On a positive side for financial institutions, under the proposed rule, the requirement to identify and verify “beneficial owners” would apply prospectively, so financial institutions will not have to look back through all of their current customer accounts. Rather, the requirement will only apply to accounts opened starting one year after adoption of the final rule. In order to verify the identity of “beneficial owners,” FinCen proposes the use of a standard form. The standard form will ask individuals opening an account on behalf of a legal entity to provide certain information and certify as to the veracity of that information. While there is no specific requirement to update this information, FinCen expects financial institutions to keep the information “as current as possible.” Additionally, financial institutions should be aware that under the proposed requirements, they will be entitled to rely on the information provided by individuals in the standard form and, under certain conditions, may utilize other financial institutions to comply with the proposed requirements.
Finally, it should be noted that the NPRM excludes numerous entities from the “beneficial ownership” requirement including: (i) customers already exempt from CIP under FinCen rules; (ii) certain publicly traded companies; (iii) certain government agencies; (iv) U.S. investment companies registered with the SEC; (v) certain non-profits; (vi) registered entities; and (vii) public accounting firms registered under Sarbanes Oxley.

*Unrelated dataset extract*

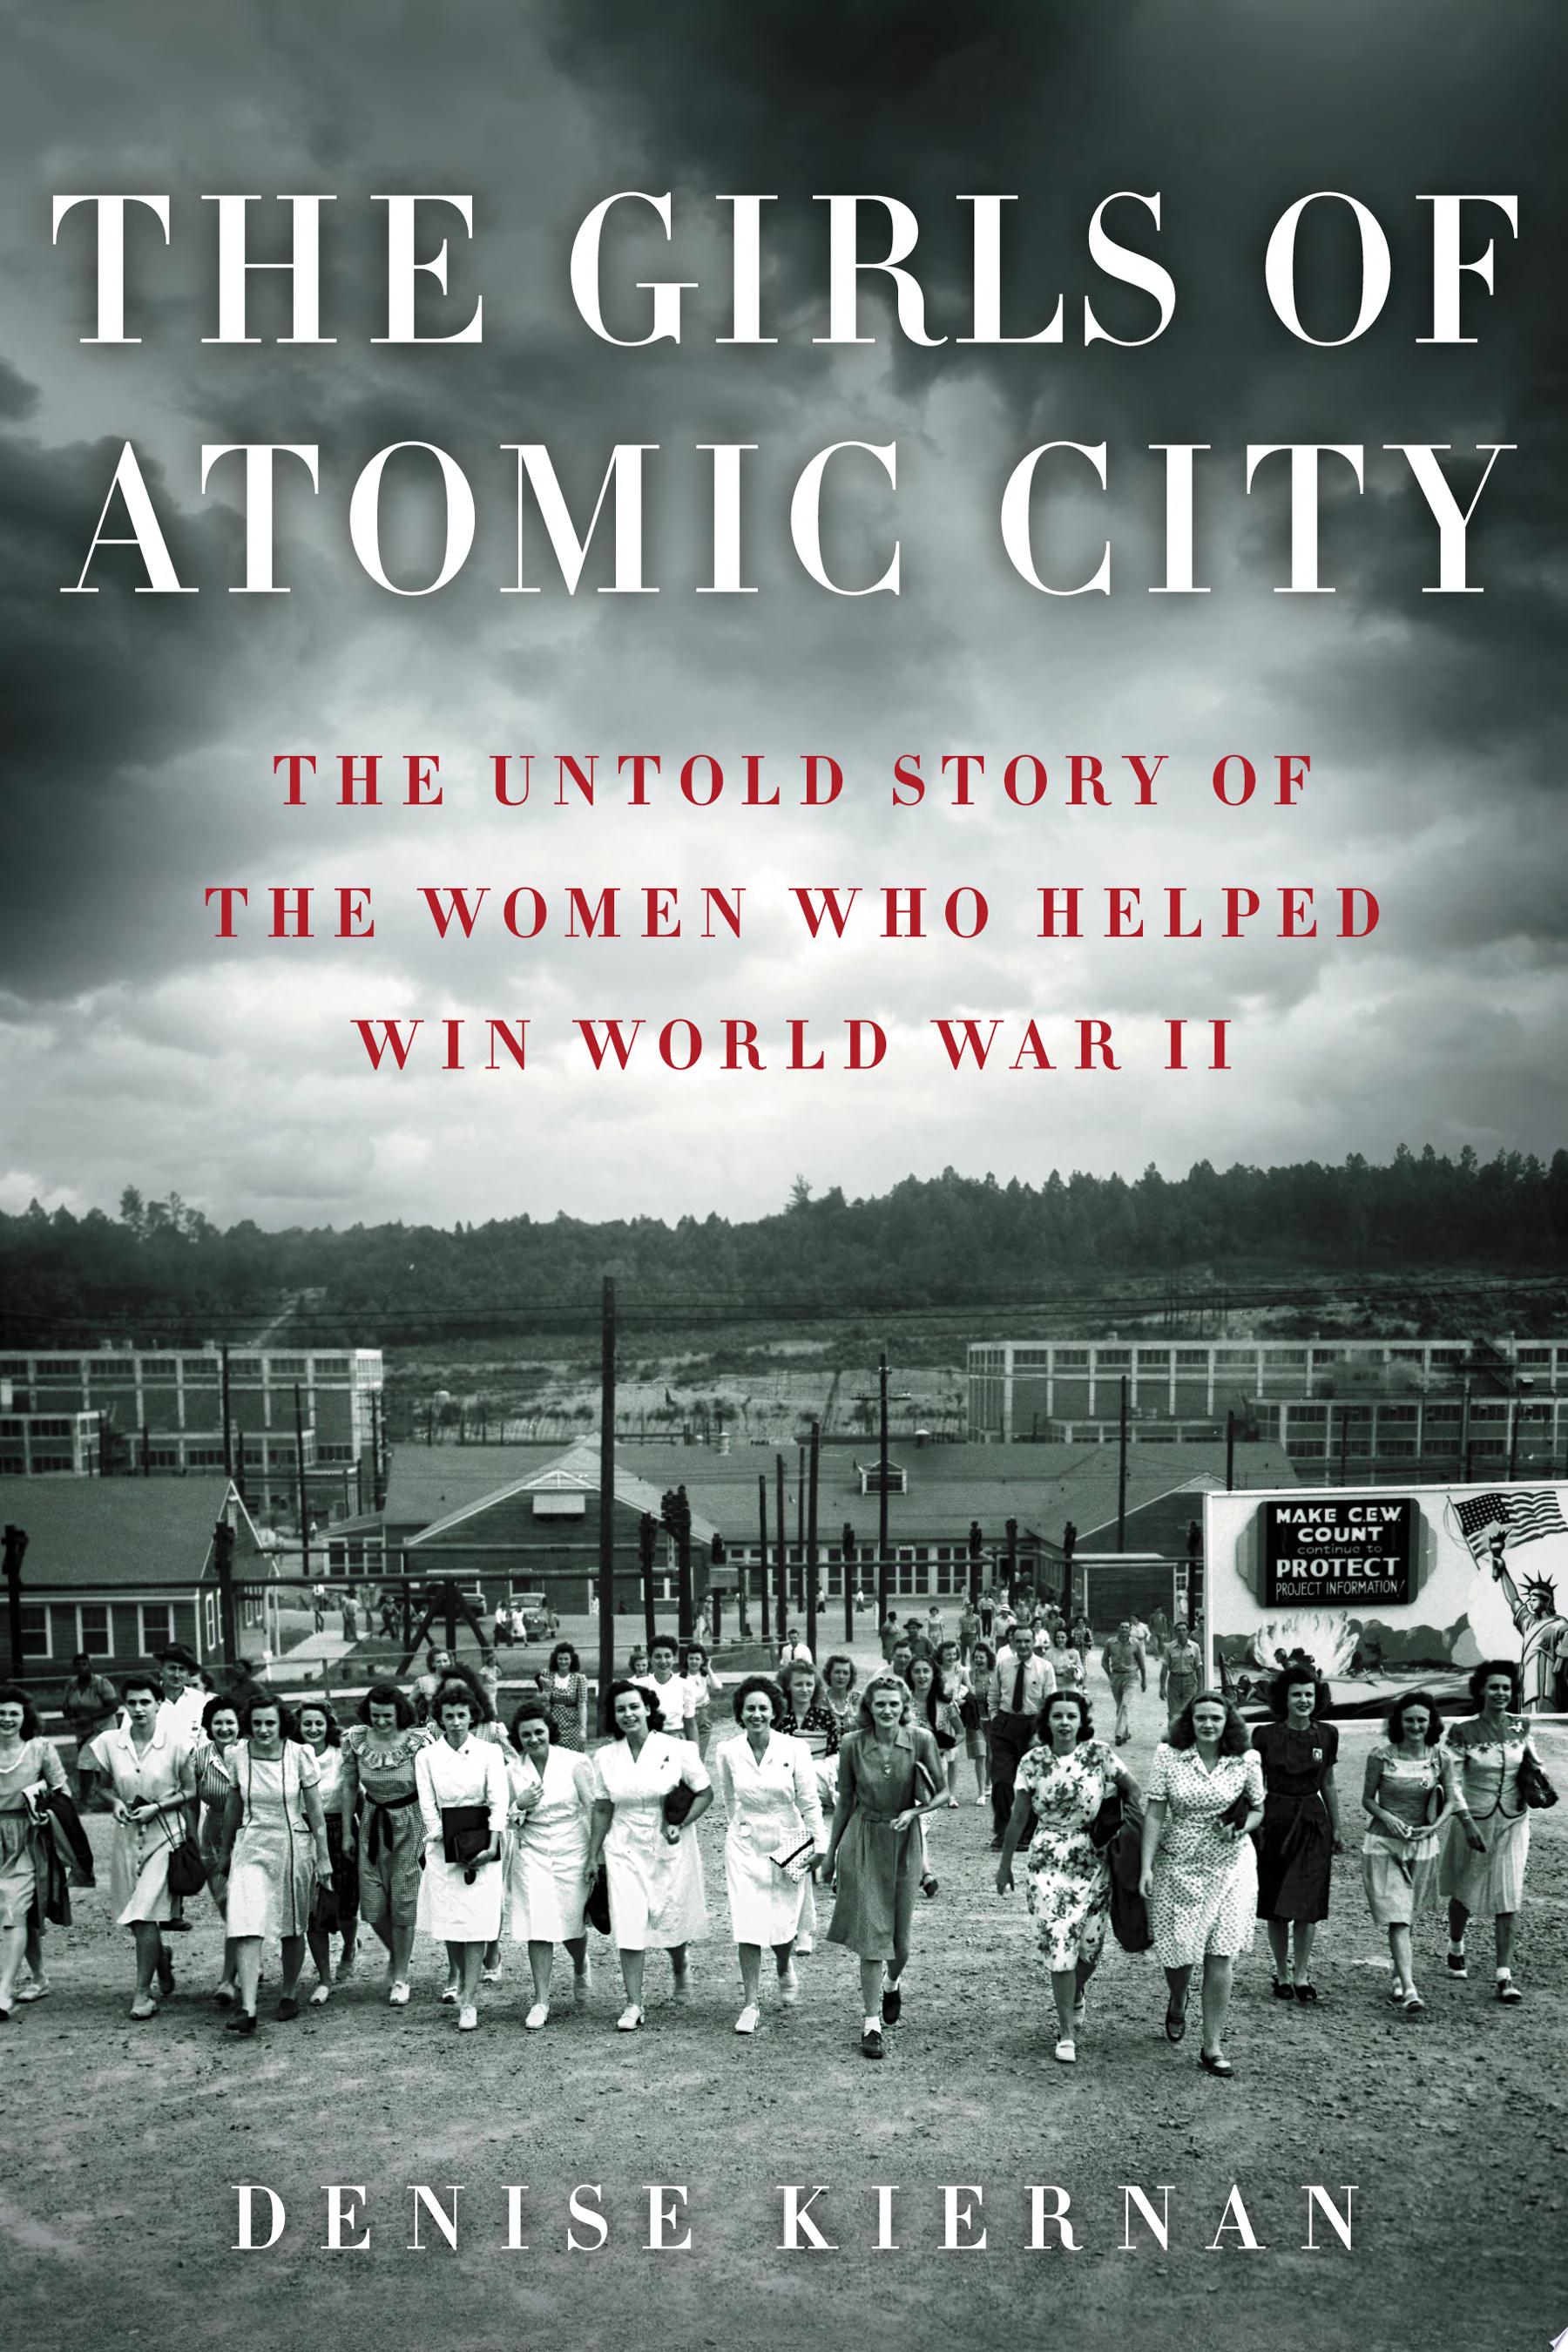 Image for "The Girls of Atomic City: the untold story of the women who helped win World War II"

1 Department of the Treasury: Financial Crimes Enforcement Network, Notice of Proposed Rulemaking: Customer Due Diligence Requirement for Financial Institutions, July 23, 2014, available here. The NPRM also proposed codifying what FinCen believs are already existing requirements for financial institutions to understand the nature and purpose of customer relationships and conduct ongoing monitoring to maintain and update customer information and to identify and report suspicious transactions.